Reviews

2011 Honda Odyssey Driving Impressions


The Odyssey is frequently listed among the best in vans or given the benchmark label, and while vans are primarily about function the road manners also play a part. We find the Odyssey the most refined of its kind.

Although it is bigger, the 2011 Odyssey is also a bit lighter than its predecessor and has a very minor increase in power from the 3.5-liter V6 with active cylinder management that runs on 3, 4 or 6 cylinders as needed. It's competitive in any school day grand prix, smooth and quite efficient.

Performance is close to the strongest 4-liter offered in Chrysler (and VW Routan) vans but gas mileage from the Honda is better, even though the Chryslers have a 6-speed automatic and most Odysseys are 5-speeds.
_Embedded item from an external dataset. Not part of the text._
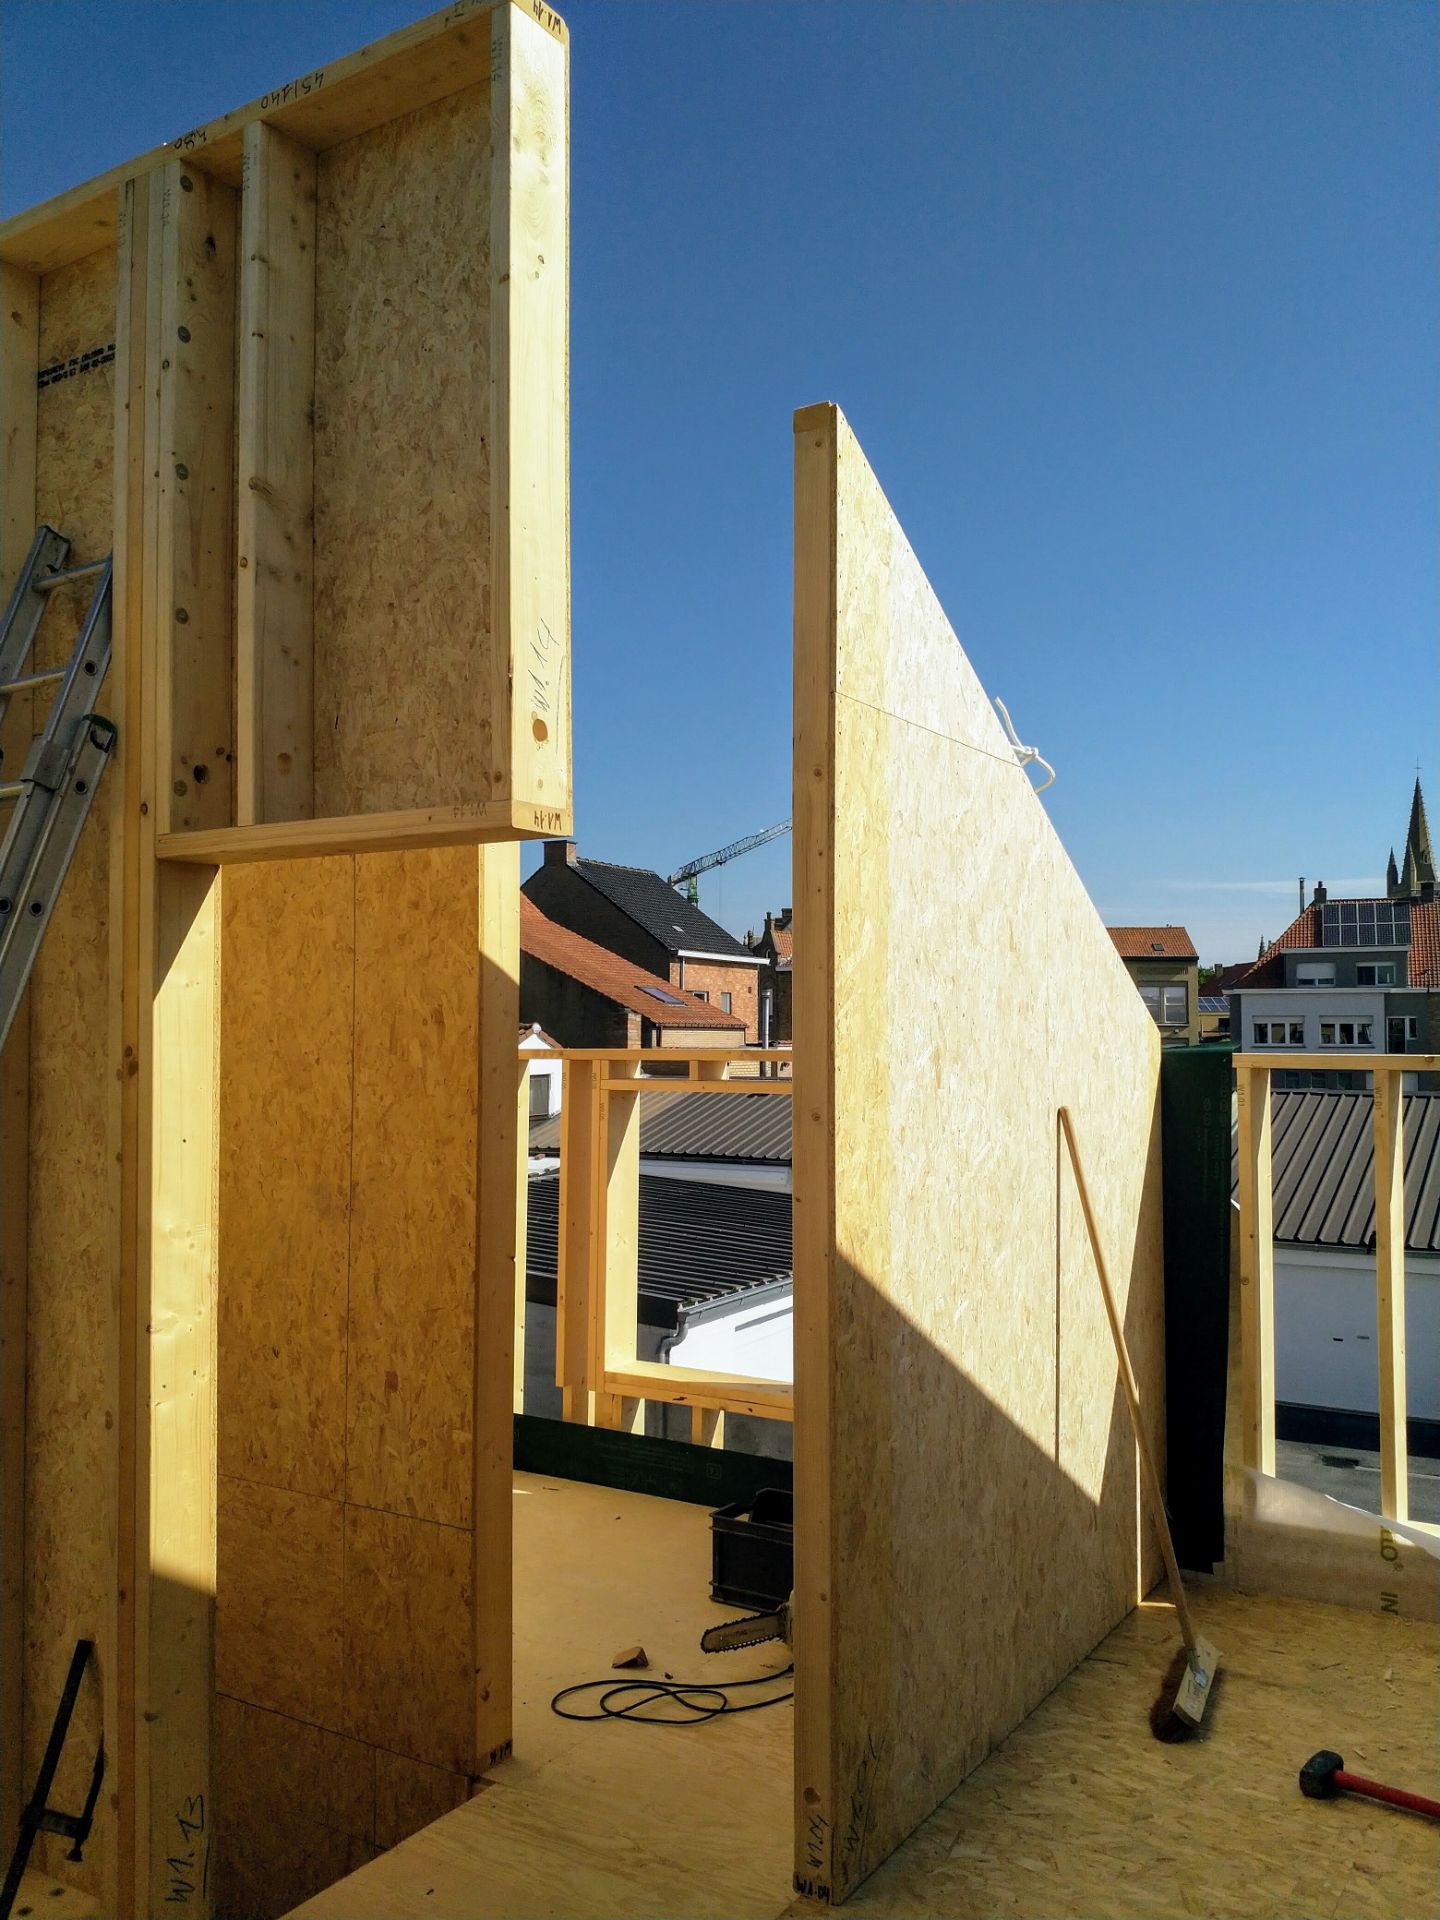 méli mélo - Hood cv - houtbouw ontwerp en realisatie van energiezuinige woningen

Toyota's Sienna offers a four-cylinder version that gets the same EPA Combined rating as Odyssey's V6; the Sienna V6 rates 18/24 mpg versus the Odyssey's 18/27 mpg. The Sienna V6 has a power advantage on the Odyssey and feels livelier but isn't as refined or economical.

Odyssey Touring models come with a 6-speed automatic transmission to match other vans. With four gears to get going rather than three in the LX through EX-L models, the heaviest Touring models (more than 200 pounds more than an LX) accelerate the best, don't require as many downshifts on varying conditions and roads, and bump the EPA City rating to 19 mpg (same as the four-cylinder Sienna); the Highway rating is also up one to 28 mpg, but credit also goes to the Touring aerodynamic upgrades.

No Odyssey offers a sport mode for the transmission and we found one is rarely needed or desired. A compact shifter is adjacent the driver's right hand but it limits driver control of the transmission. If you press the button on the side it drops down two gears from top gear, where on long grades (up or down) you may want only one gear down. If you select L it downshifts gears as it slows on its programmed schedule; you don't always know when that will happen. This sometimes brings an unwelcome shove forward, puts more weight on the front wheels in the middle of a corner, or may make the front tires slide a bit on slippery descents like snowy driveways.

Steering feel is light on center and weights up nicely with cornering effort. It's direct without being too quick to respond, gives the driver a feel for what the front tires are doing, and executes a U-turn in a commendable 36.7 feet. Brakes have equally good feel and transmit no jerkiness to passengers, and seem more than adequate; a couple of downhill charges in 100-degree weather didn't faze them at all. That said, we'd want to have brakes on any trailer more than 750 pounds, less if the van is fully loaded.

Van drivers rarely consider them sporty but there is a reason driving schools use minivans rather than SUVs for teaching laps on racetracks: more of the weight is closer to the ground in a van than in an SUV, and that makes the vans inherently more stable. Most vans handle better than anyone expects, and the Odyssey is no exception.

No van is tuned for sports-car handling but that didn't stop us from trying sports car roads and parking-lot autocross courses where the Odyssey handles like a heavy, front-wheel drive sedan: stable, predictable, secure and all those other adjectives new parents love. The electronic stability system is very well tuned and not invasive; on the one occasion we managed to reach the limit it gently and quietly put things back on the ideal course.

Odyssey rides much like a big car too, soaking up bumps admirably whether we had two occupants or six adults spread across three rows. In back-to-back drives, the Sienna felt like it was stiffer but had a lot more rubber in suspension attachment points, leaving the driver feeling a bit less connected and the passengers moving about a bit more. It's not a substantial difference, but if there's a more refined van than the Odyssey Touring we don't know about it.

The Odyssey does not offer all-wheel drive like some minivans but we consider that a non-issue in any but mountainous areas with lots of snow. We'd rather spend a percentage of the price premium on a set of dedicated winter tires.

Vibration and noise play a big part in refinement, and fatigue for occupants, so all Odysseys come with active noise cancellation and active engine mounts to minimize both. The Odyssey Touring uses a laminated windshield to quell noise, so we found it interesting that with the radio off at interstate speeds front seat passengers heard wind noise from the area around the wiper blades. In the middle row any noise comes from the leading edge of the sliding door, and in the third row it comes from the rear tires. We found it is easy to carry on a conversation at normal levels and any radio, video, or chatter will drown out the wind or road noise.